None of whom were people saying "there's no risk here just upside baby!"


People were on totally opposing sides on how to deal with the risk, not dissimilar to now (with difference that the existential risk was/is actual, not hypothetical).


Sure, there are also some (allegedly credible) people opening their AI-optimist diatribes with statements of positive confidence like:

“Fortunately, I am here to bring the good news: AI will not destroy the world”

My issue is not with people who say “yes this is a serious question and we should navigate it thoughtfully.” My issue is with people who simply assert that we will get to a good outcome as an article of faith.


I just don't see the point in wasting too much effort on a hypothetical risk when there are actual risks (incl. those from AI). Granted, the hypothetical existential risk is far easier to discuss etc. than to deal with actual existential risks.

There is an endless list of hypothetical existential risks one could think of, so that is a direction to nowhere.

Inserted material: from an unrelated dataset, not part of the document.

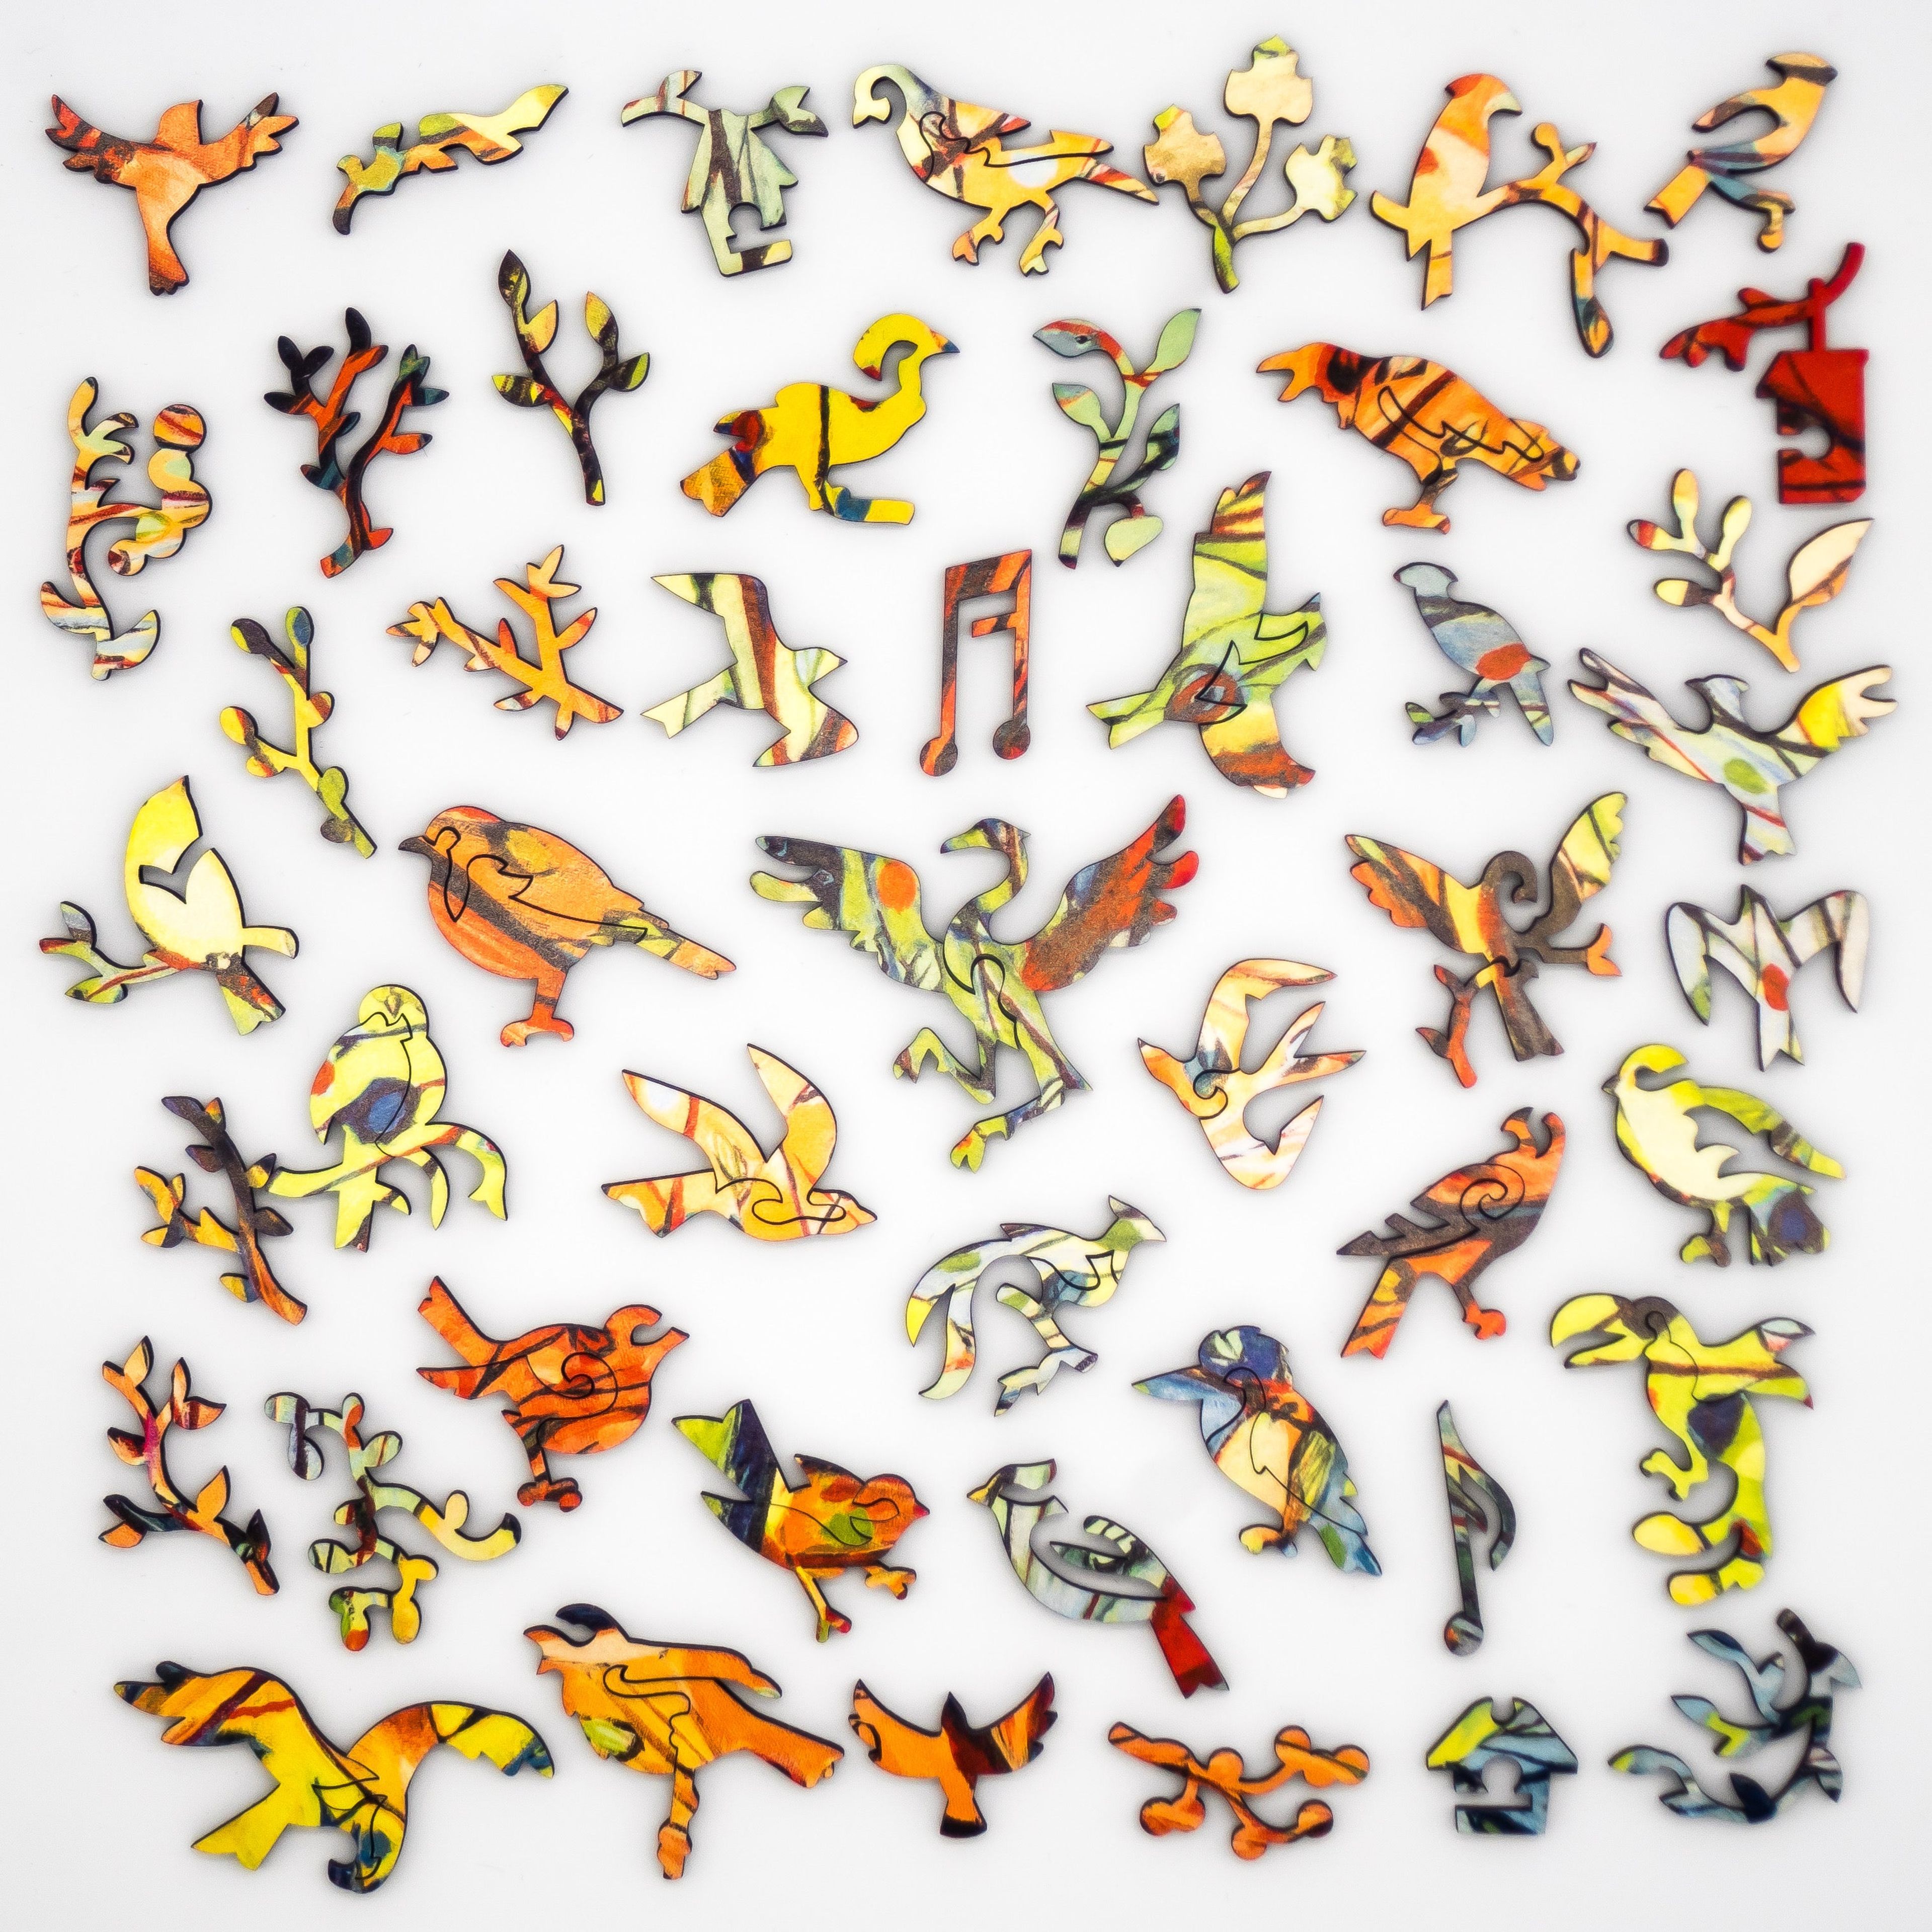 27 Birds (452 Piece Wooden Jigsaw Puzzle)
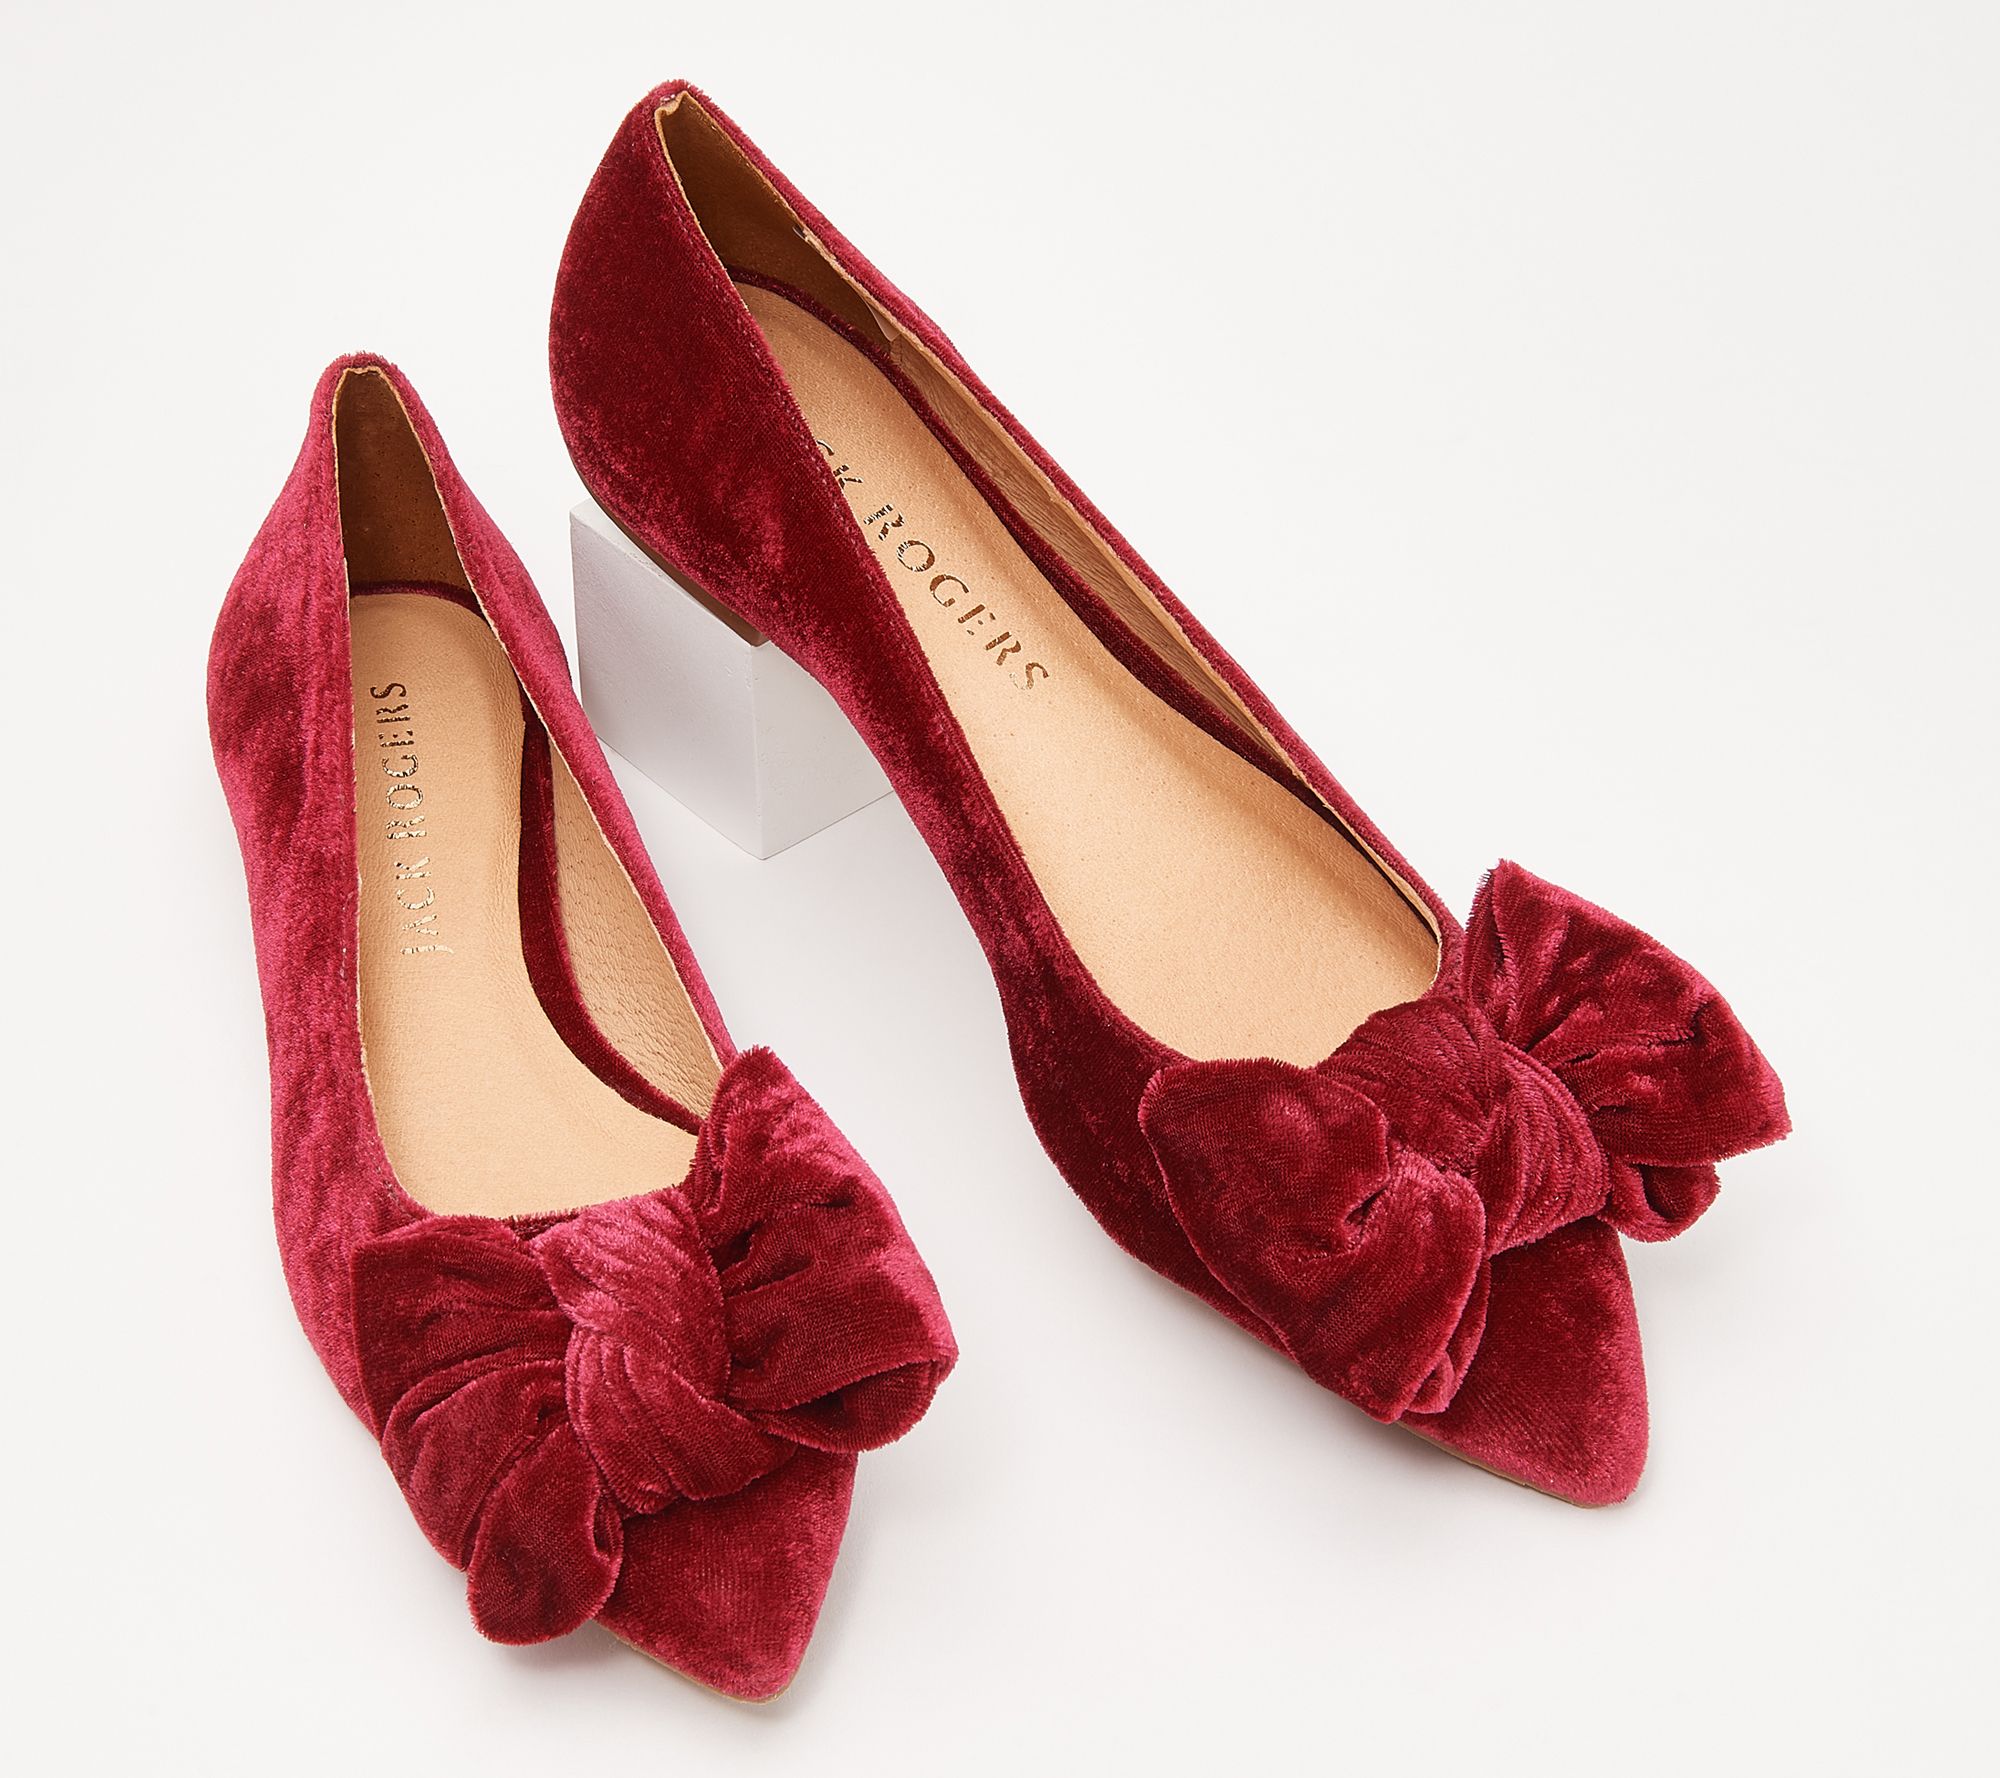 Luxury Women's Vintage Velvet High Heels Jewel Rhinestone T Strap  Sandal Shoes

All risks are hypothetical

Many items on the endless list of hypothetical x-risks don’t have big picture forces acting on them in quite the same way e.g. roughly infinite economic upside by getting within a hair’s breadth of realizing the risk.


No, some risks are known to exist, other just might exist. If you walk across a busy street without looking, there is a risk of being run over - nothing hypothetical about that risk. In contrast, I might fear the force gravity suddenly disappearing but that isn't an actual risk as far as we understand our reality.

Not sure where infinite economic upside comes from, how does that work?